Barbadians to vote in general elections on January 19, 2022
Barbadians to vote in general elections on January 19, 2022

BRIDGETOWN, December 28, 2021 -Weeks after becoming a Republic, Prime Minister Mottley has announced that Barbadians will go to the polls to elect a new government on January 19, 2022.

In an announcement to the nation last evening from llaro Court, Prime Minister Mia Amor Mottley said Nomination Day would be on January 3.

Ms. Mottley advised that she had met earlier in the day with the President of Barbados, The Most Honourable Dame Sandra Mason, and had advised that Parliament be dissolved with immediate effect.

The Prime Minister added that Dame Sandra had also been advised to issue writs for the “holding of new elections in Barbados”.

Mottley who led the Barbados Labour Party (BLP) to a historic 30-0 whitewash of the Democratic Labour Party (DLP) in the May 2018 general elections, said “On this the 27th day of December, 2021, I have decided that it would be in the interest of Barbados, our country, our home that we recalibrate as a people behind one Government and one leader.

"Let me say that whoever emerges as that leader I will support.  I will do my utmost to promote the interest of Barbados and Barbadians in all that I say and do, as I have done in all of my public career and would continue to do until the Lord takes my breath,” she emphasized.

Ms. Mottley disclosed that she would be advising officials from the Electoral and Boundaries Commission and the COVID-19 Cabinet Sub-Committee to meet on the structure of the voting process in light of the ongoing pandemic.

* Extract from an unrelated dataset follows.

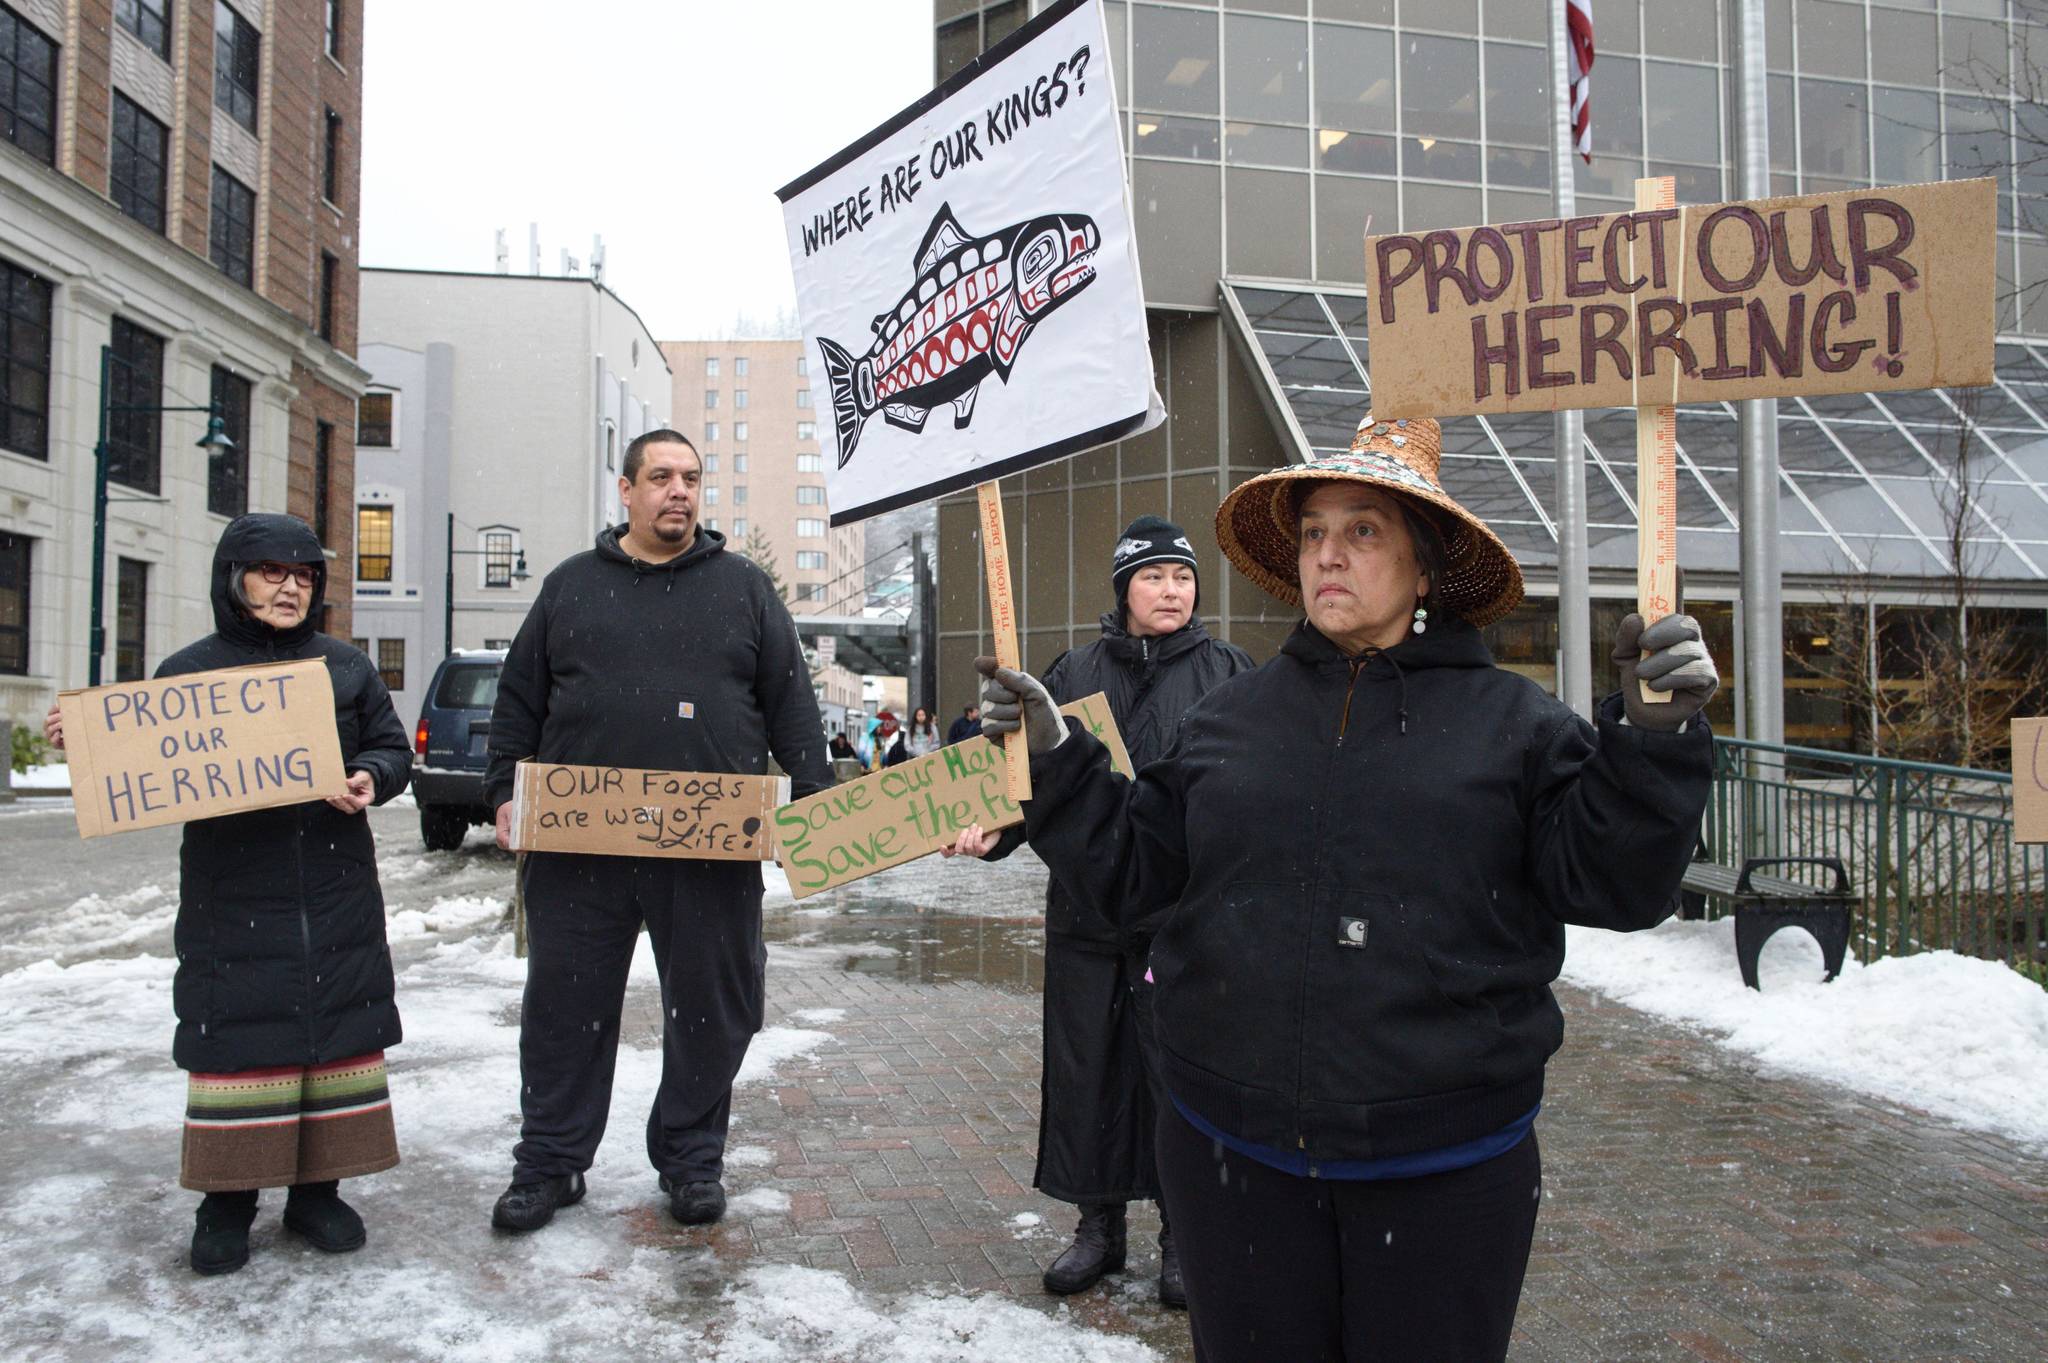 Nancy Keen, right, Vivian Mork, Marvin Willard and Rosita Worl, left, hold a protest outside the Dimond Courthouse as a court hearing between the Sitka Tribe of Alaska and the Department of Fish and Game on herring limits in Sitka Sound takes place inside on Tuesday, Feb. 18, 2019. (Michael Penn | Juneau Empire)

“I will also ensure that the Leader of the Opposition and myself are fully briefed after these meetings, and that we can update you in a matter of days on any agreed upon changes with respect to simplifying the conduct of elections in this environment,” the Prime Minister stated.

The Prime Minister said she made the decision to call the elections because she was “worried” about the divisiveness in the country.

She called on Barbadians to “unite around a common cause, a single Government and a single leader.”

“My worry going into 2022 revolves around the impact of the silly season on our tone and our tenor as a nation. The impact of the silly season on our actions and our utterances. The impact of the silly season on our ability to think Barbados and what is best for this little paradise in the middle of the sea, what is best for our future as a nation.

“I believe that we thrived and succeeded in 2018 and 2019 because an election was behind us and we united as a force against first, the fiscal and economic threats, and then later the onslaught of COVID. I believe that as a united Barbados that we will and have always been unbeatable…” Mottley said.

“Were it not for the emergence of the silly season, persons in Barbados in my view would therefore be calling a spade a spade. They would be saying what is right and what is wrong. They would be supporting policies and programmes designed to protect and safeguard this country, its inhabitants and those who do us the honour of visiting as vacationers or on business. That is why I am concerned that we should not enter 2022 as a divided nation,” Mottley declared.

Mottley, the leader of the Barbados Labour Party and first female prime minister of her country, won election in May 2018 for a five-year term. She pointed to her party’s overwhelming majority in parliament and noted she still had much of her first term left to serve.

“Were I motivated solely by the need to survive,” she said, “we could bask, my friends, in the glory of a 29-1 parliament and ride COVID out for the next 18 months, ”  she pointed out.